■ Exercise details: The result should be the lines from the one holding "喜多方市市民活動支援センター通信 第7号(平成27年4月発行)" to the end of the records below, repeated exactly. No pictures.

■ The records:

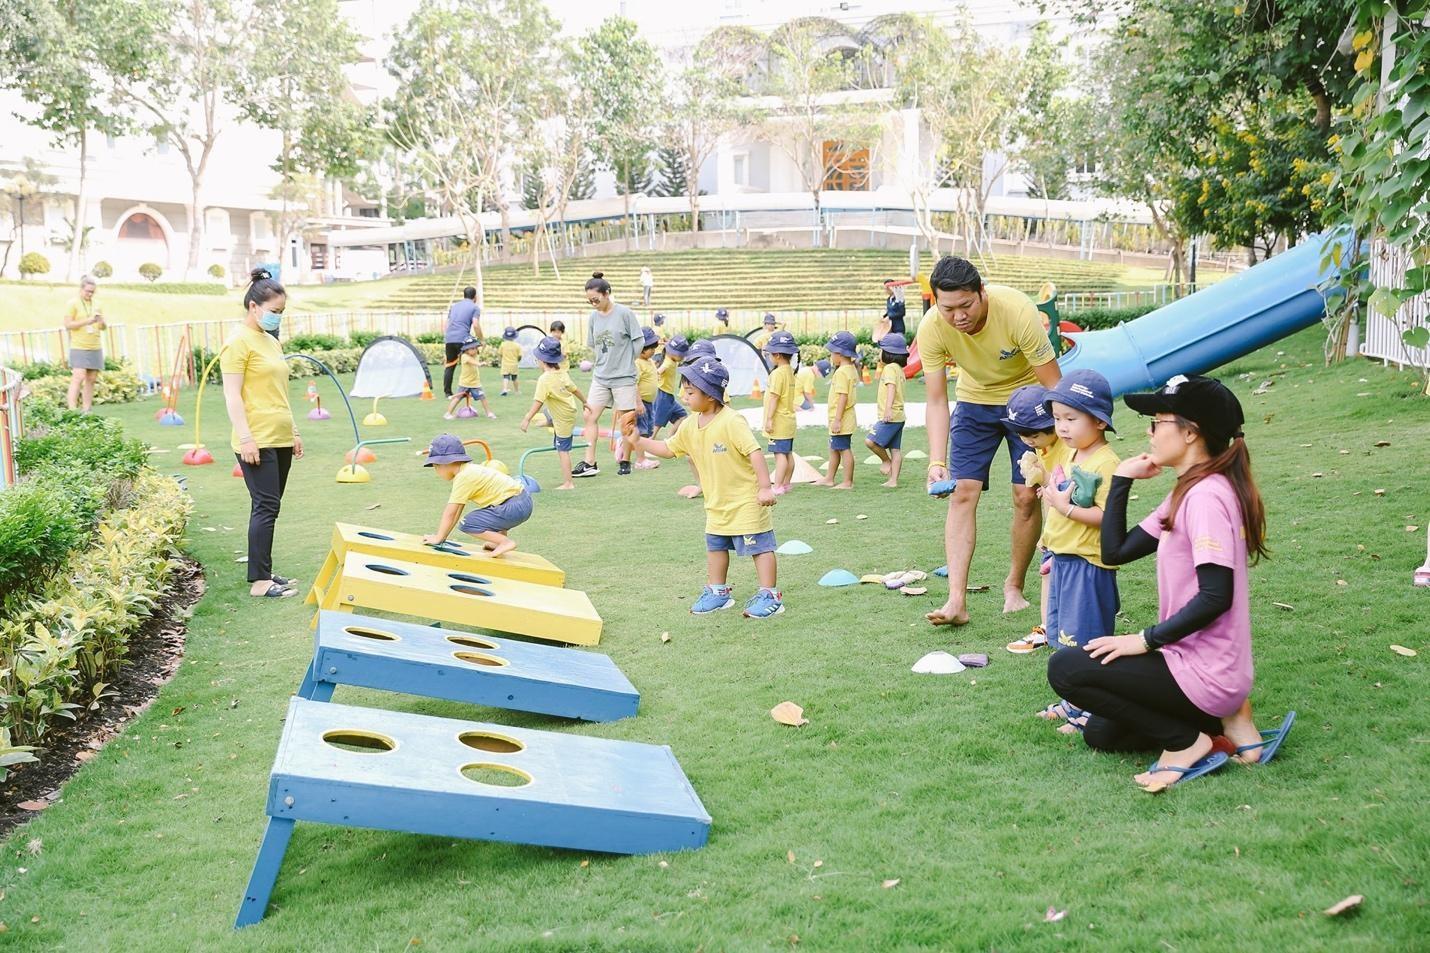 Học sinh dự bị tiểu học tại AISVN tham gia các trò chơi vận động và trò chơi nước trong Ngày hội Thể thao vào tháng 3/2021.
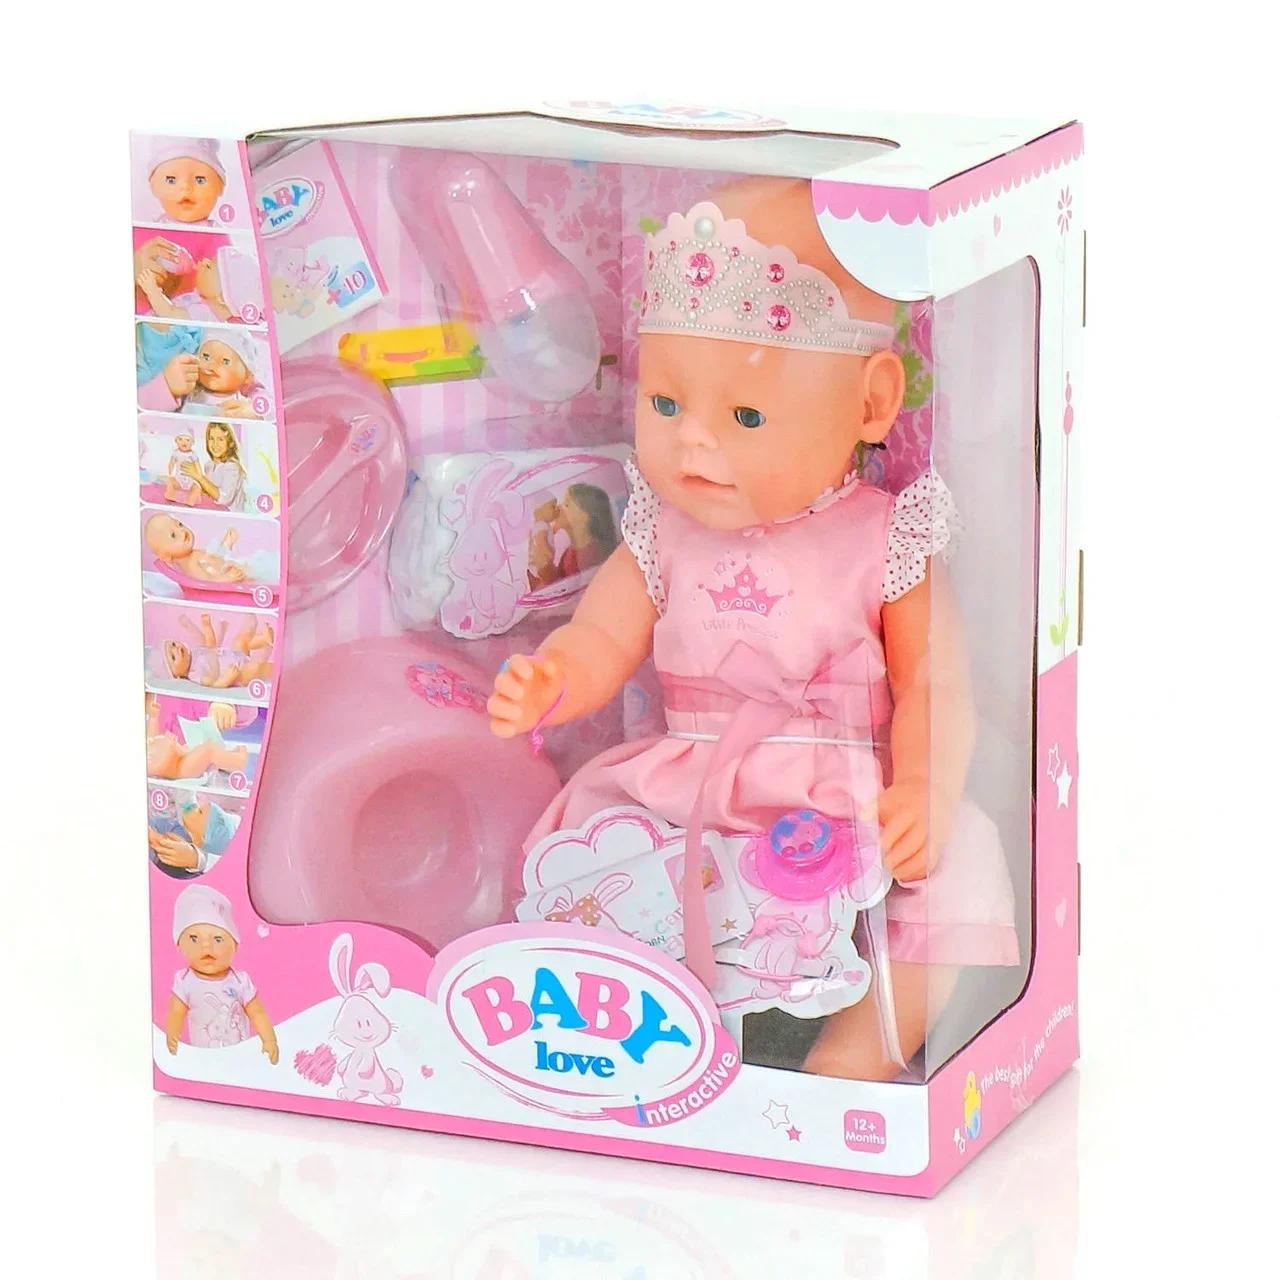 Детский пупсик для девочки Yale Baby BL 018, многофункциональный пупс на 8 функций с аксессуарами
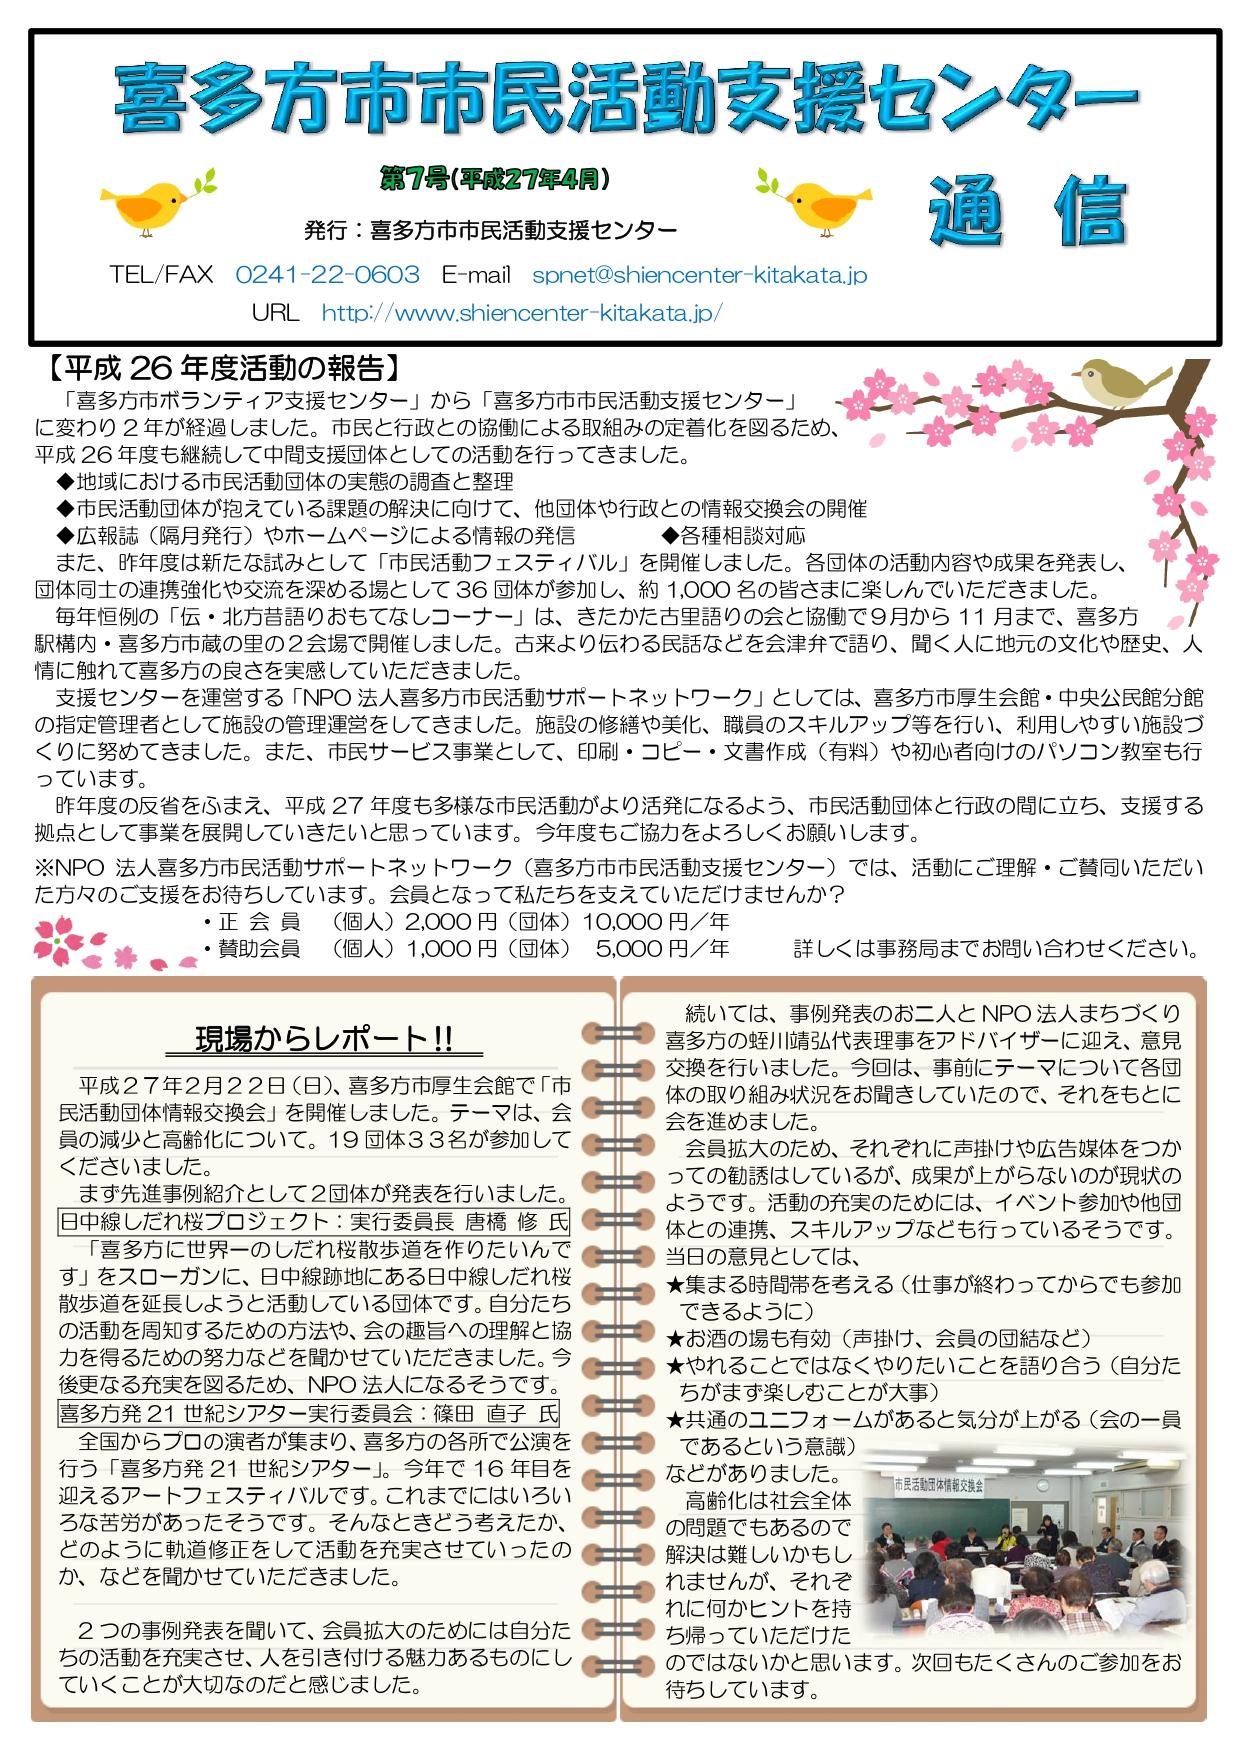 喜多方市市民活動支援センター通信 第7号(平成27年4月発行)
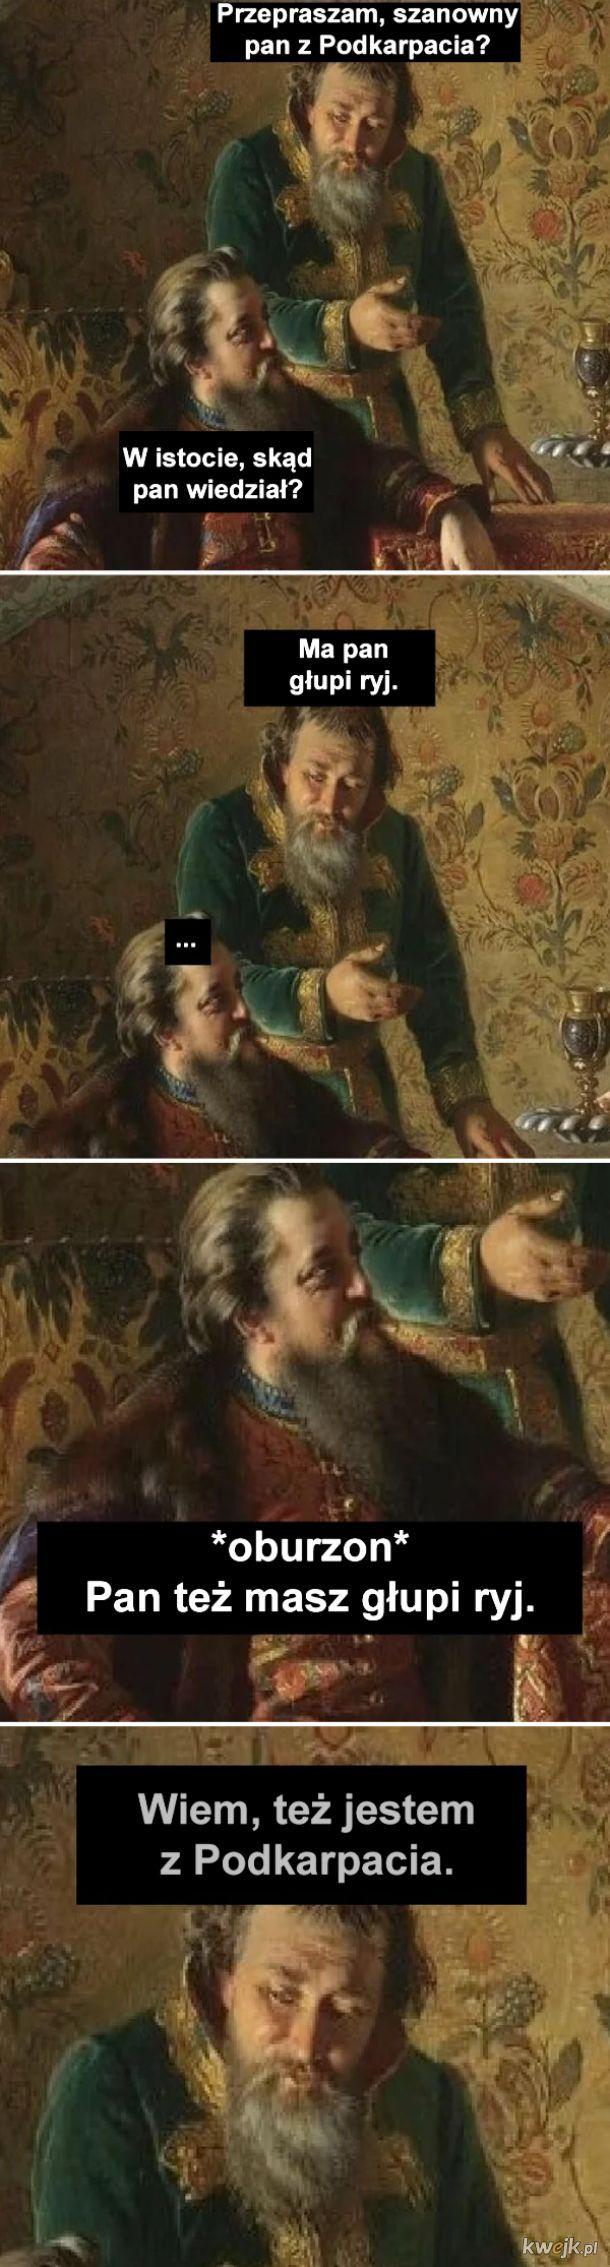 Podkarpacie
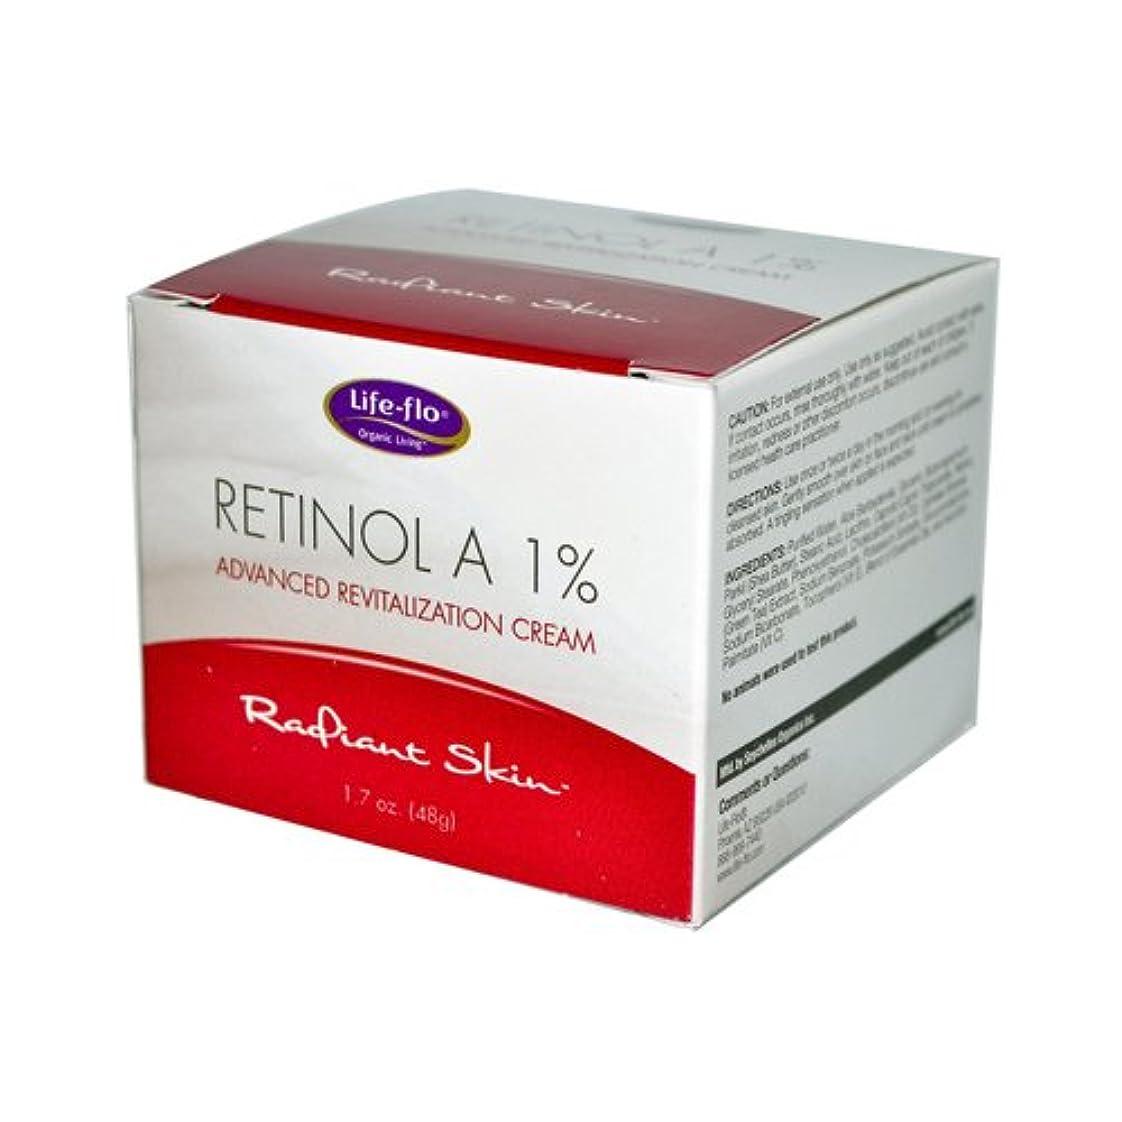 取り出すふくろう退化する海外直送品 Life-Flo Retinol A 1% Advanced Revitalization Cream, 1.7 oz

■ Written response:
 喜多方市市民活動支援センター通信 第7号(平成27年4月発行)
 Podkarpacie
 取り出すふくろう退化する海外直送品 Life-Flo Retinol A 1% Advanced Revitalization Cream, 1.7 oz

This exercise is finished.